Autoimmunity is attributed to a dysregulation of the adaptive immune response that results in targeting of the body’s own healthy tissues by immune cells. The exact origins of autoimmune responses remain elusive, but a combination of genetic1 and environmental factors2 appear to contribute to the pathogenesis of various autoimmune diseases (ADs). Further adding to this complexity is the various cell types and signaling molecules comprising the biological mechanisms underlying ADs. One cell type, naïve CD4+ T cells, is of particular importance given their ability to modulate pro-inflammatory and anti-inflammatory signals via their differentiation into various T helper (Th) cell lineages. Since inflammation is a hallmark sign of autoimmunity, the balance between Th cell lineages has huge implications for the progression of ADs. This post will provide a brief overview of the differentiation of various Th cell subtypes and the implication of those subtypes in inflammation/autoimmunity. Subsequent posts will explore specific cytokines secreted by Th cell lineages and the role they play in mediating inflammatory responses and autoimmune diseases, namely rheumatoid arthritis.
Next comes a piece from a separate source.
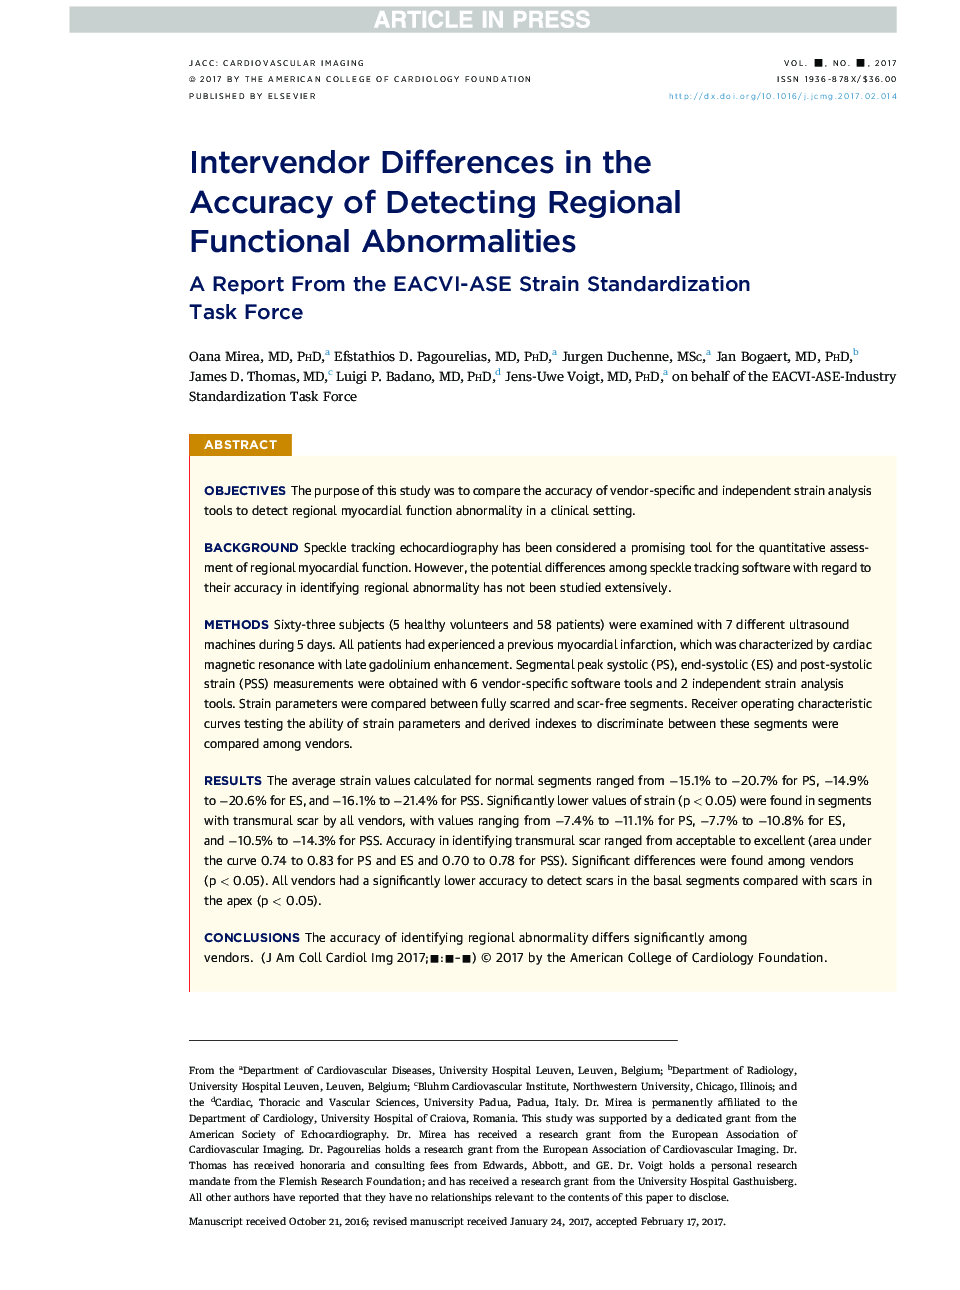 Intervendor Differences in the AccuracyÂ ofÂ Detecting Regional FunctionalÂ Abnormalities

The adaptive immune response begins when antigen-presenting cells (APCs), such as macrophages and dendritic cells, engulf a foreign substance and process it to produce small peptides (i.e. antigens). These antigens are then “presented” to naïve CD4+ T cells via major histocompatibility complex (MHC) molecules on the surface of APCs. Naïve CD4+ T cells that express T-cell receptors complimentary to the presented antigen will interact with the APC and begin to undergo differentiation to a subtype of T helper cells. There are several factors that contribute to determining which Th cell type is produced3, but the cytokine profile of the CD4+ T cell microenvironment appears to be key4. The first T helper cell lineages identified, type 1 helper T cells (Th1 cells) and type 2 helper T cells (Th2), were discovered in 1986 after experiments in murine models5.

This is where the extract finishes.